Believe it or not, this is a two-part discussion, because it points to a very important estate planning distinction: “probate” vs. “non-probate” assets. Probate assets are those owned individually with no beneficiary designation attached, that is, assets that will be distributed pursuant to the terms of your Will.  All assets that are not subject to probate–or don’t pass under your Will–are “non-probate.”

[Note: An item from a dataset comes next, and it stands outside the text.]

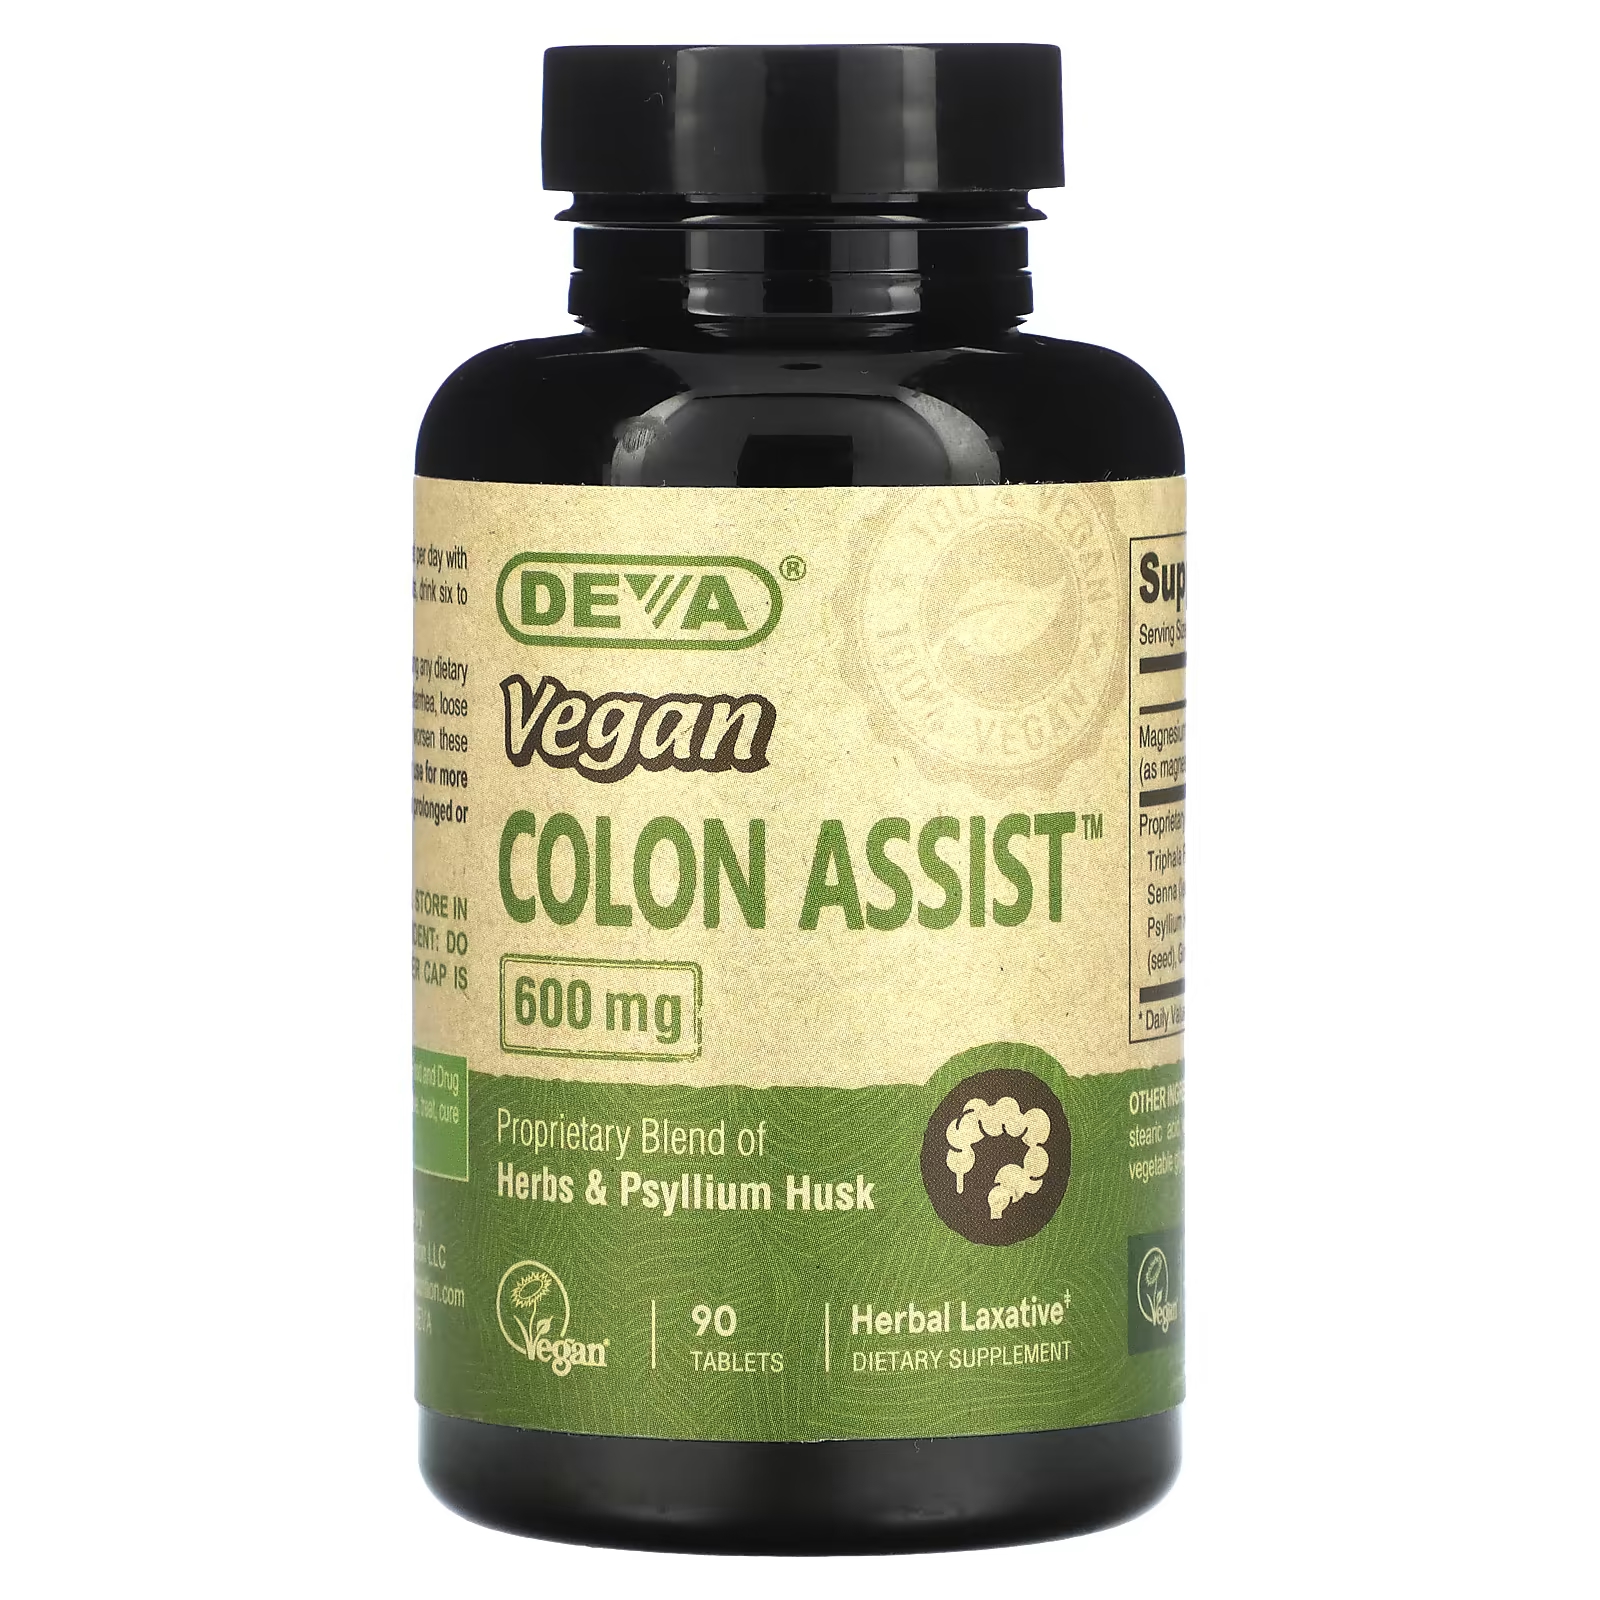 Пищевая добавка Deva Vegan Colon Assist 600 мг, 90 таблеток пищевая добавка deva vegan hyaluronic acid 100 мг

This entry will discuss non-probate assets, and here I have some good news! It’s highly unlikely that you’ve truly done nothing that impacts the administration of your non-probate assets.  Documents you may not think of as relevant to the estate planning process are, in fact, a vital part of it. For example, if you have a retirement account, or a life insurance policy, then you have most likely executed a beneficiary designation over that account or policy.  We’ll talk more about how important those beneficiary designations are in a future blog, but for now, just recognize that those beneficiary designations–even if you haven’t executed a Will–control the distribution of those assets at your death.

Similarly, if you have a joint bank account, either with a spouse, a child, or anyone else, then–subject to limited exceptions–the assets in that account will pass to the surviving owner if you predecease them.

So again, you most likely have taken steps to start your estate plan, whether you’ve realized it or not.  This still leaves your probate assets unaccounted for, and it fails to ensure that your “non-probate” and “probate” assets will both reflect your intentions–not to mention tax planning and other options that you should consider.